Records for the task
-----
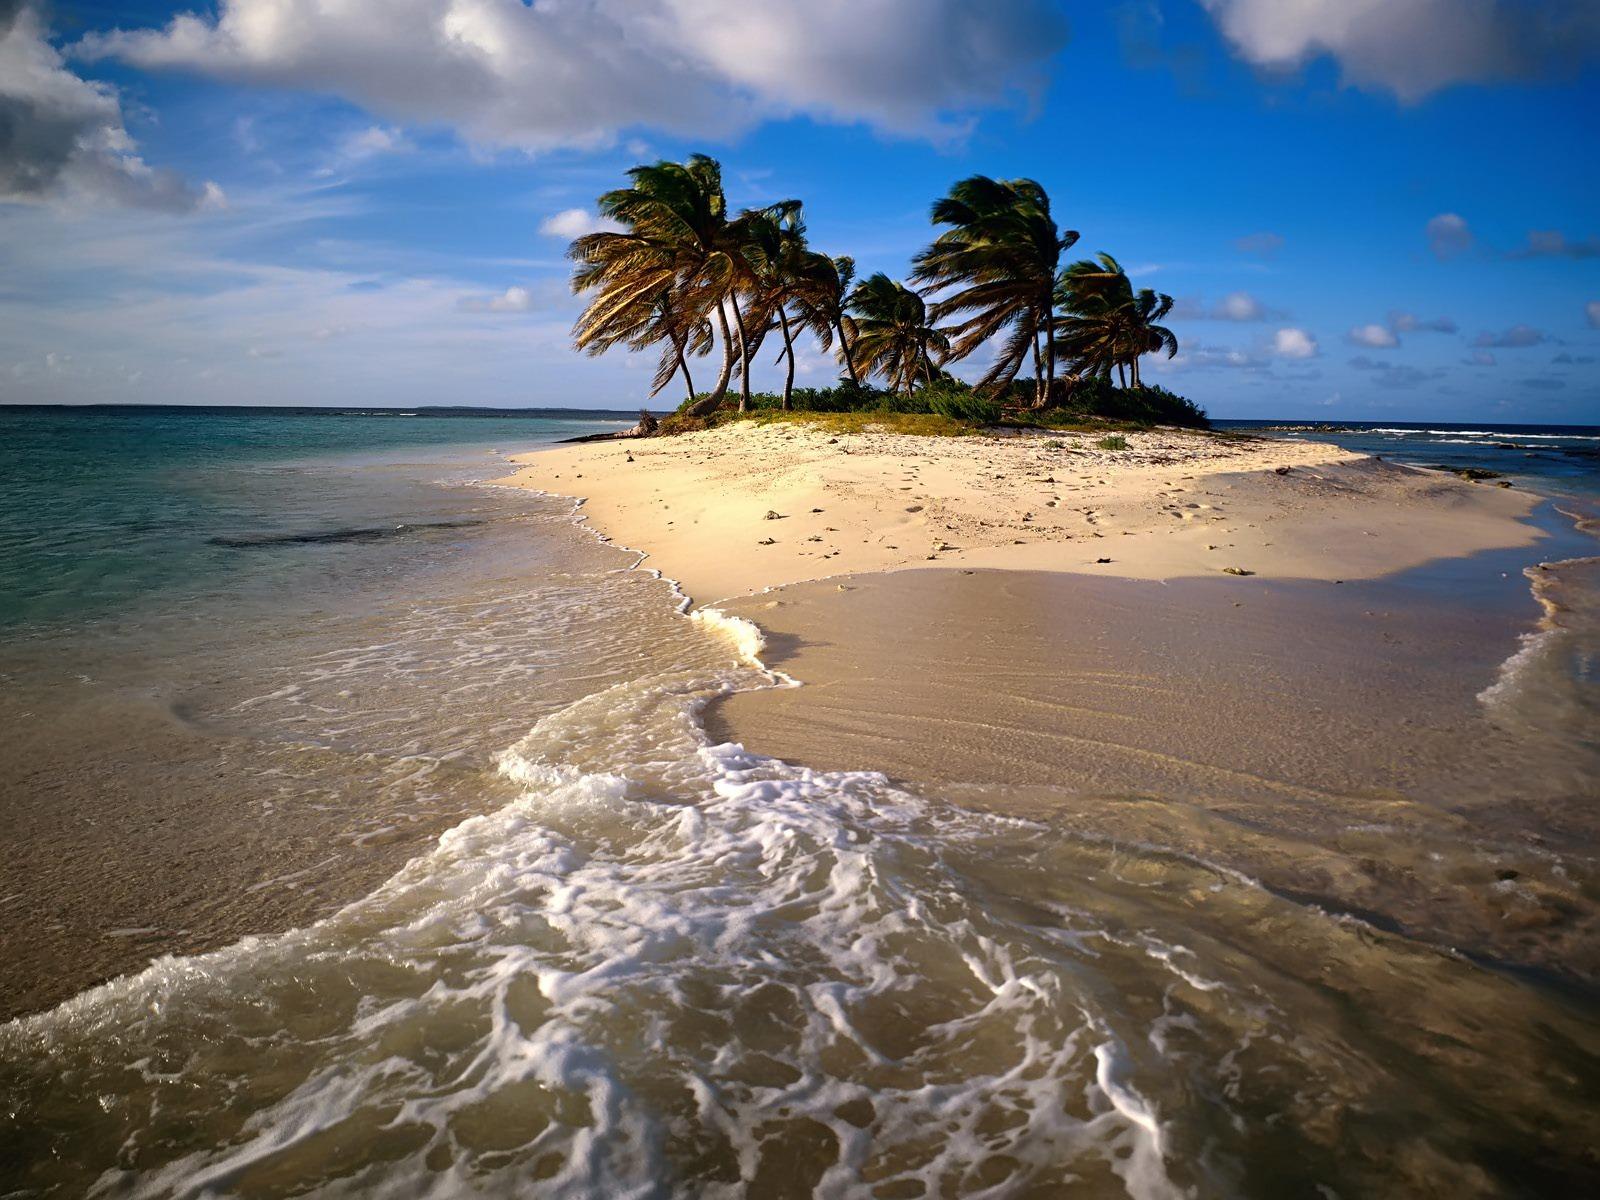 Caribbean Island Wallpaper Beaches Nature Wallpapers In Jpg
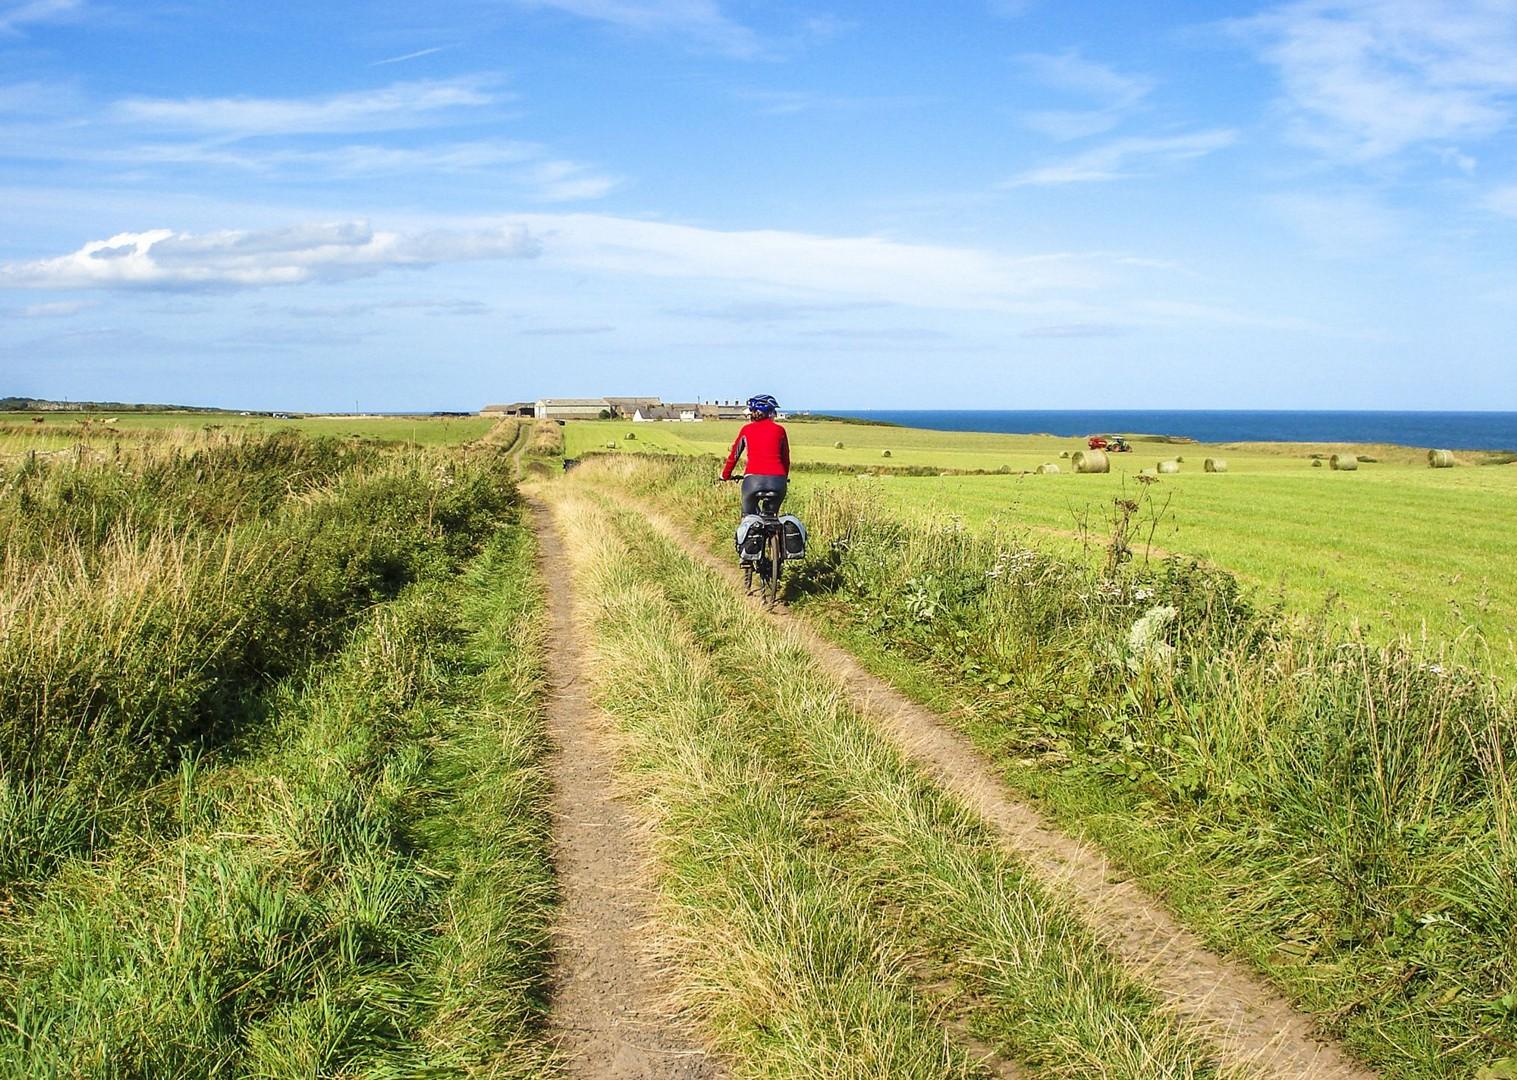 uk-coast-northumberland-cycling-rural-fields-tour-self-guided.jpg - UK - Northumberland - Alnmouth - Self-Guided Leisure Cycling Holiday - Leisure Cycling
-----
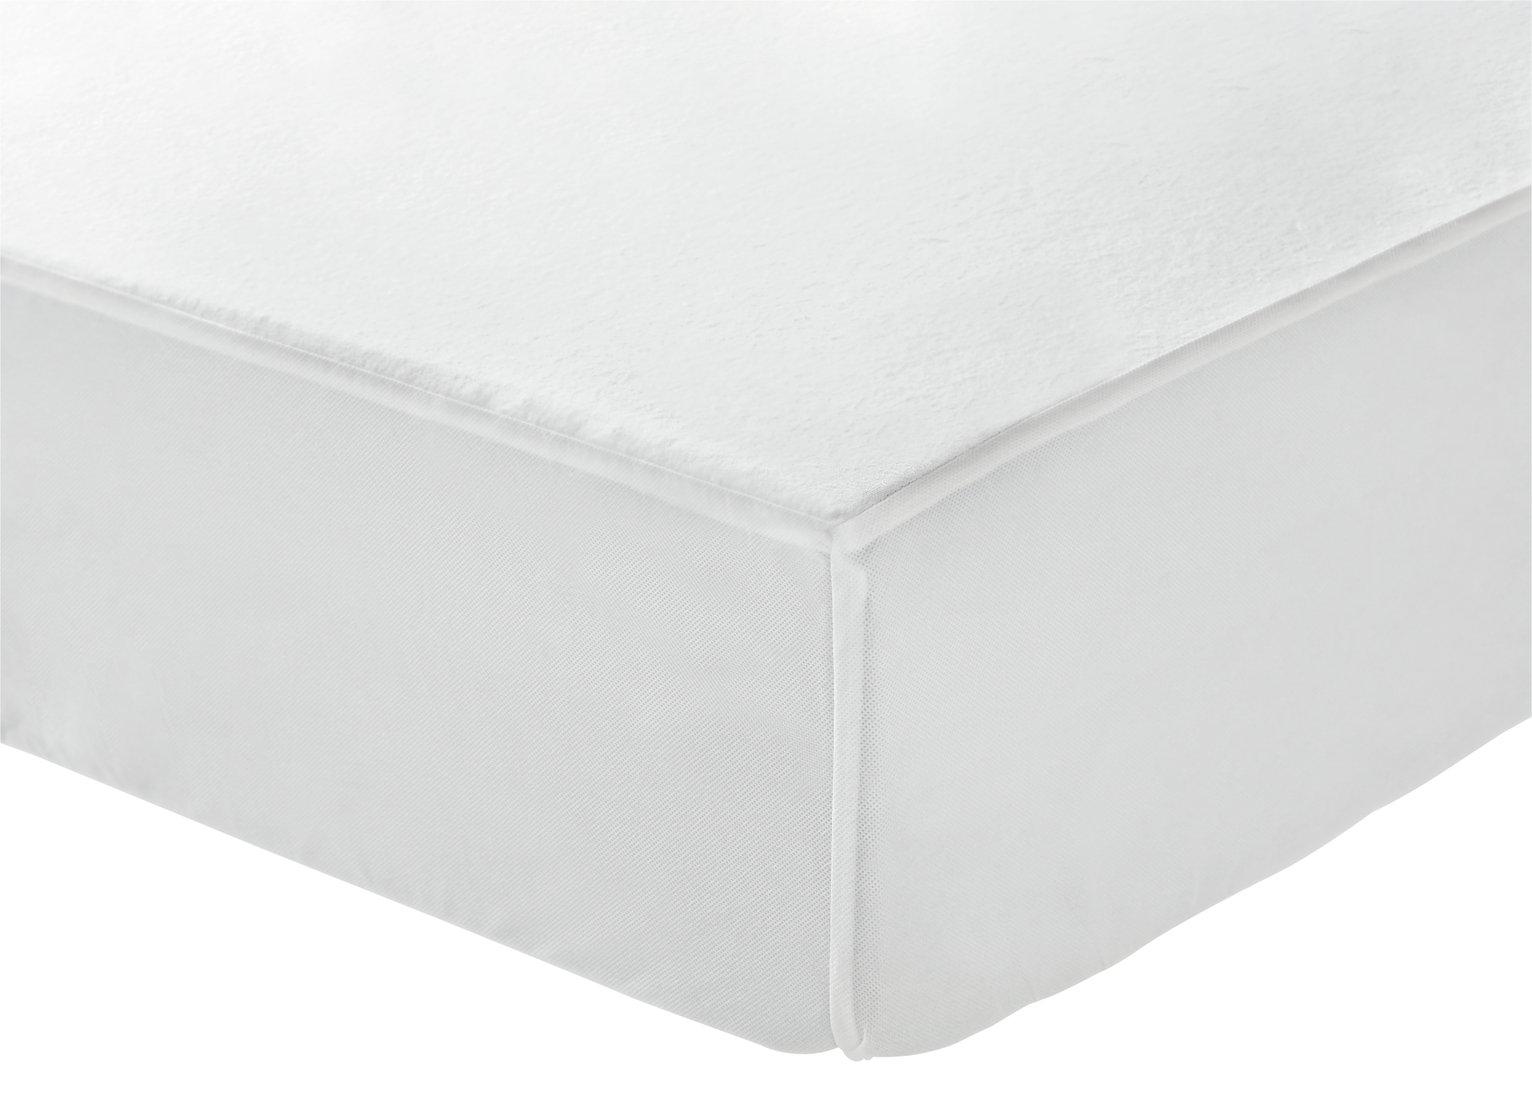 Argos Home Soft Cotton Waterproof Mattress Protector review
-----
Task to carry out
Output exactly, and only, the lines of the entries above from the one with "Caribbean Island Wallpaper" up to and including the one with "- Leisure Cycling"; pictures are to be left out.

Output of the task
 Caribbean Island Wallpaper Beaches Nature Wallpapers In Jpg
 uk-coast-northumberland-cycling-rural-fields-tour-self-guided.jpg - UK - Northumberland - Alnmouth - Self-Guided Leisure Cycling Holiday - Leisure Cycling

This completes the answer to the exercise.